Ах, тяжка, горька доля царская! И нет ему, властелину державному, ни воли, ни покоя ни в чём. Слушай того, слушай этого, того уважь, этого пригрей, а с тем помирись, а с тем не бранись, а этого про запас береги — может, пригодится когда потом… А проснёшься утром — и пальцем пошевелить не смей, даром что царь! Не смей, не моги, потому как за каждый палец, за каждый волосок на голове твоей ухватилось множество цепких рук, и каждый держит, не пускает, и каждый тянет к себе… Самодержец! Какой он самодержец… Истинно холоп холопей своих! И вертят они им, как хотят. И поп вертит, и Макарий- митрополит вертит, и Дума ближняя противится, и Собор упрямится. А там ещё и вся земля: и воеводы, и приказные люди, и чёрный народ! И все норовят жить самовластно, по воле и скудному разуму своему, будто и нет над ними ни Бога, ни царя, ни заботы государственной, а есть лишь своя нужда да ближняя корысть. Одно ему, сироте, спасение! Одно прибежище душе его измученной, истерзанной — царица его. Настенька, Настенька, свет мой, голубка моя, ангел мой и утешение моё! Только тебе и можно голову положить на колени, только ты и поймёшь, и пожалеешь, и укрепишь меня, убогого, в тоске и изнеможении моём…
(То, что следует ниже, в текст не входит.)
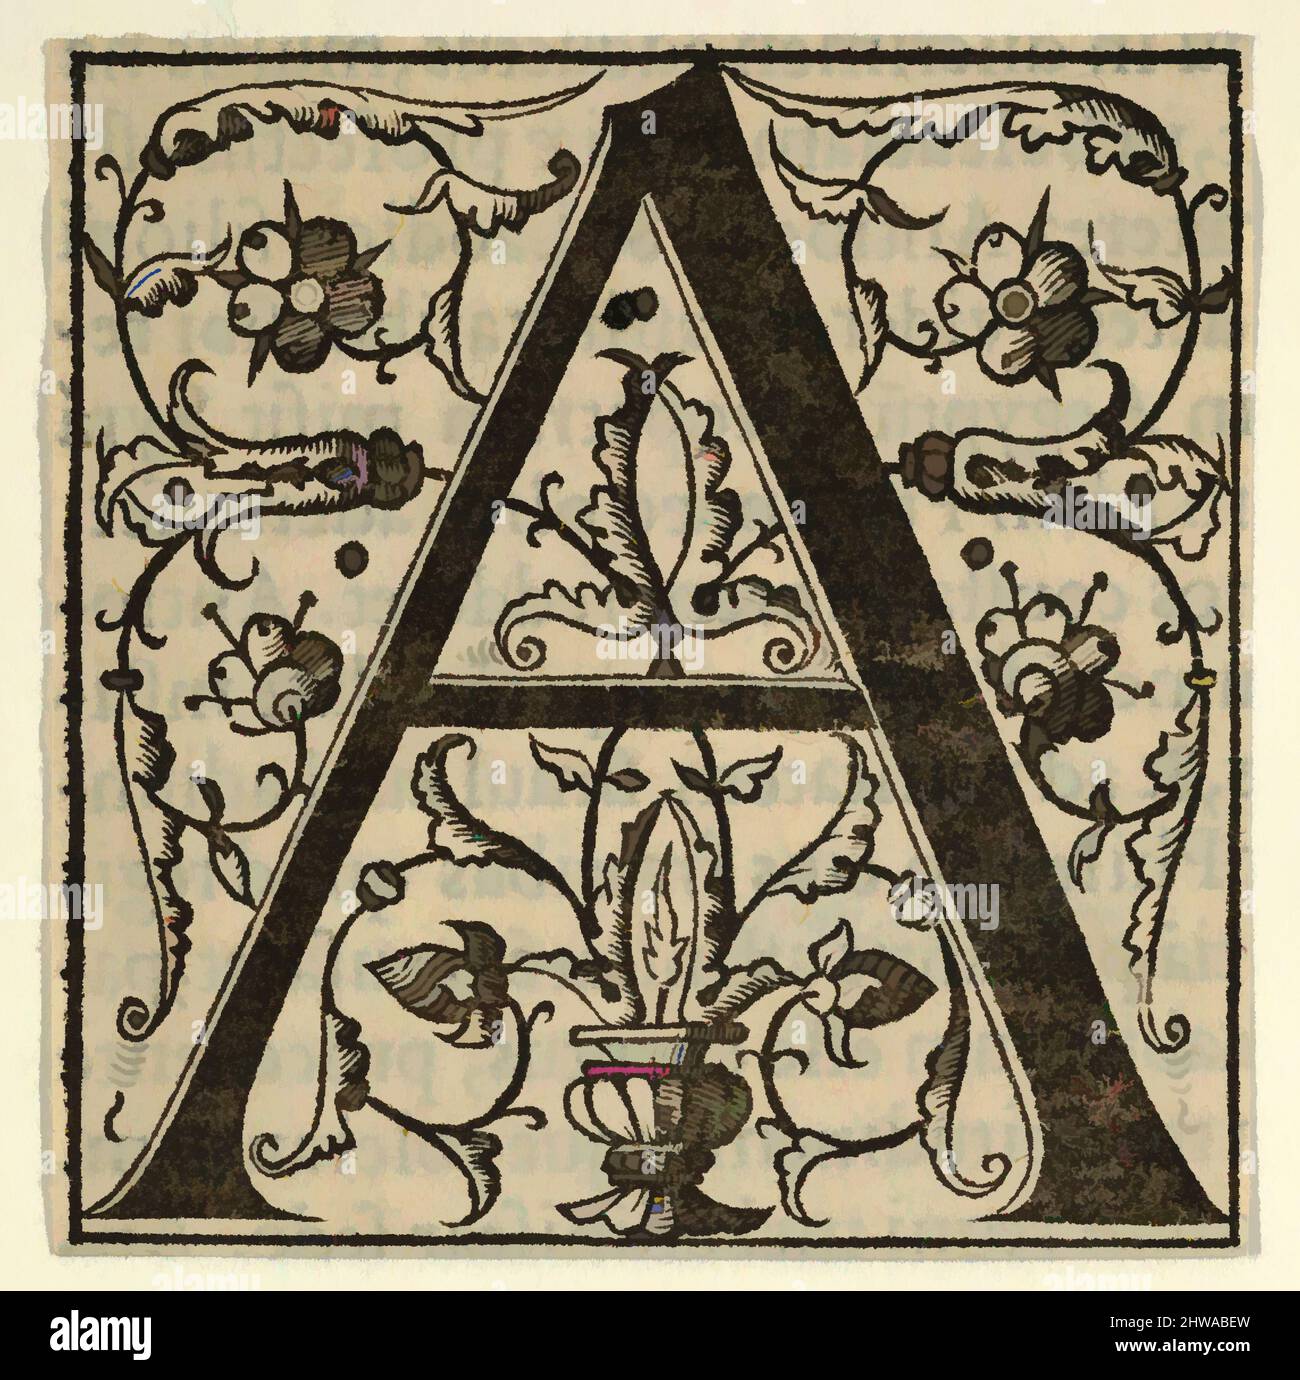 Art inspired by Drawings and Prints, Print, Initial letter A with garlands, Artist, Oronce Finé, French, Briançon 1494–1555 Paris, Finé, Classic works modernized by Artotop with a splash of modernity. Shapes, color and value, eye-catching visual impact on art. Emotions through freedom of artworks in a contemporary way. A timeless message pursuing a wildly creative new direction. Artists turning to the digital medium and creating the Artotop NFT Stock Photo

Тяжка, горька доля царская! Но не легче и доля духовного наставника его. Слишком высоко вознёсся поп! Слишком многое на себя взял! И чем выше вознёсся он, тем страшнее будет падение его. Много их было, таких, как он, и в древних царствах библейских, и в Риме, и в Византии, да и в Русской земле. Много их было, безродных баловней удачи, вершителей судеб людских, — а где и как кончали они свои дни? Хорошо, если в опале да в ссылке. Но чаще всего иной им был конец — под топором либо в петле. Скоро, скоро подрастёт твой питомец, отче Сильвестр! Скоро встанет он на ноги свои — и страшной будет поступь его! И тогда помогай тебе Бог, поп… А сколько ещё не сделано в Русской земле! Сколько ещё даже и не начато! Сколько ещё замыслов благих и мыслей светлых у него в голове. И всё то на пользу державе Российской! И всё то прахом пойдёт в тот же самый день, как прогонит его царь… А что он, духовный наставник царский, Богу потом скажет? Как оправдается он перед Ним в бессилии и неумении своём? В том, что так и не сумел он, жалкий поп, распорядиться той властию духовной над царём, что даровал ему Господь?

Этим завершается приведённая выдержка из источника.